We recently interviewed the National Review's pseudonymous "publisher," Allen Montgomery, the founder and editor of the site, via email to talk about the site's history, strategy and what it feels like to punk Fox News.
The Daily Banter (TDB): Could you tell me more about the origin of National Report? Does the NR have an agenda or political viewpoint motivating it, and if not what inspired you to get into the news business?
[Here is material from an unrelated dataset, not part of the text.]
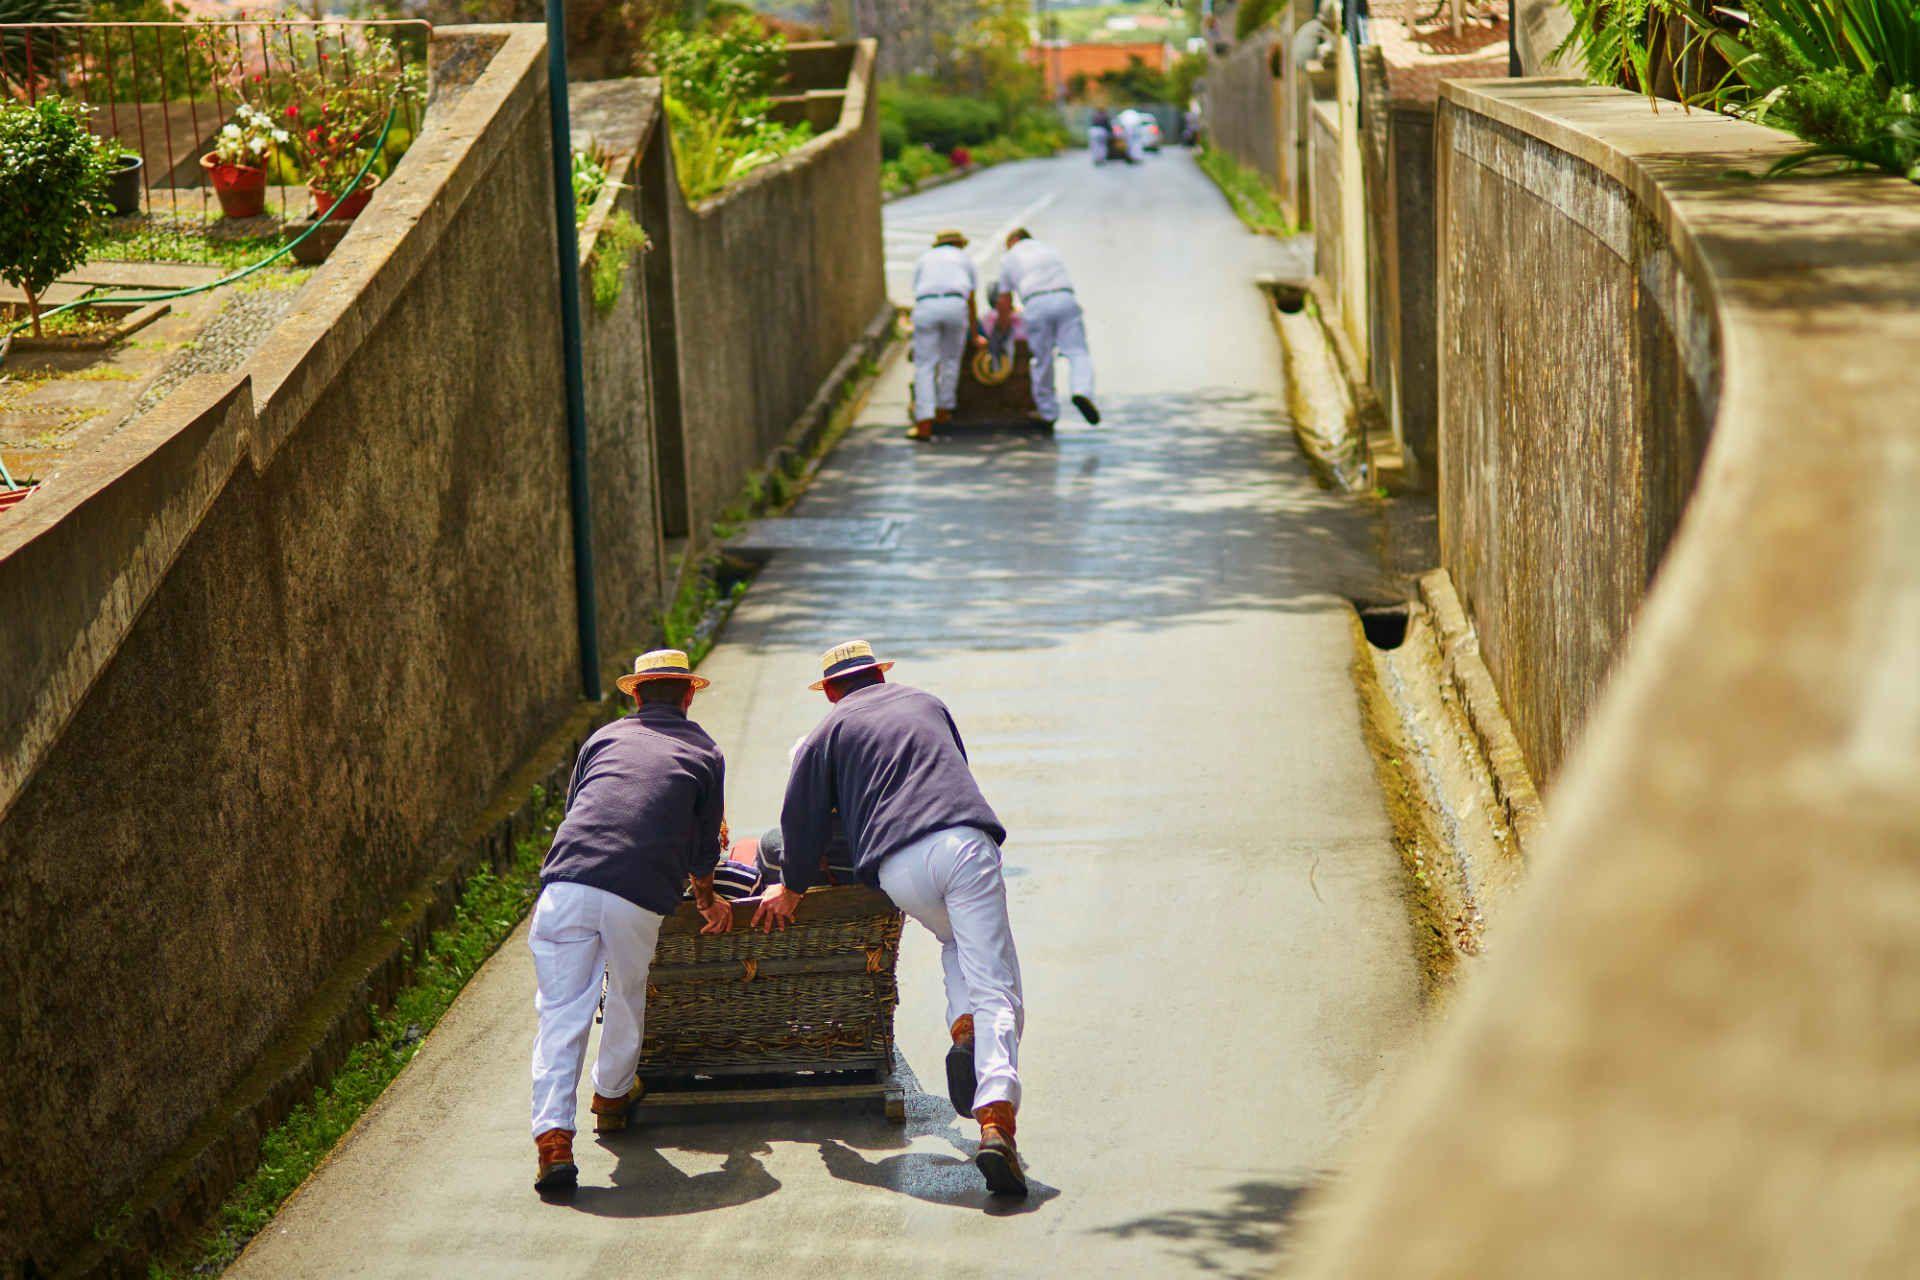 toboggan-bois-luge-funchal-madère-portugal-shutterstock_630780314

Allen Montgomery (AM): There is no single political viewpoint motivating NR. We have writers from across the spectrum of politics and while the stories that generally get the most widespread attention often target the right wing, we are an equal opportunity operation and everyone is a potential target. The goal has always been to make readers more critical of what they read and share and while it seems counter-intuitive, we hope readers who leave our site will be better able to discern between news and entertainment. "Mainstream media" has long ago lost credibility as it has dissolved into a strange blend of facts, opinions and partisanship and we are using that to our advantage through a combination of slapstick humor and straight-up hoaxes.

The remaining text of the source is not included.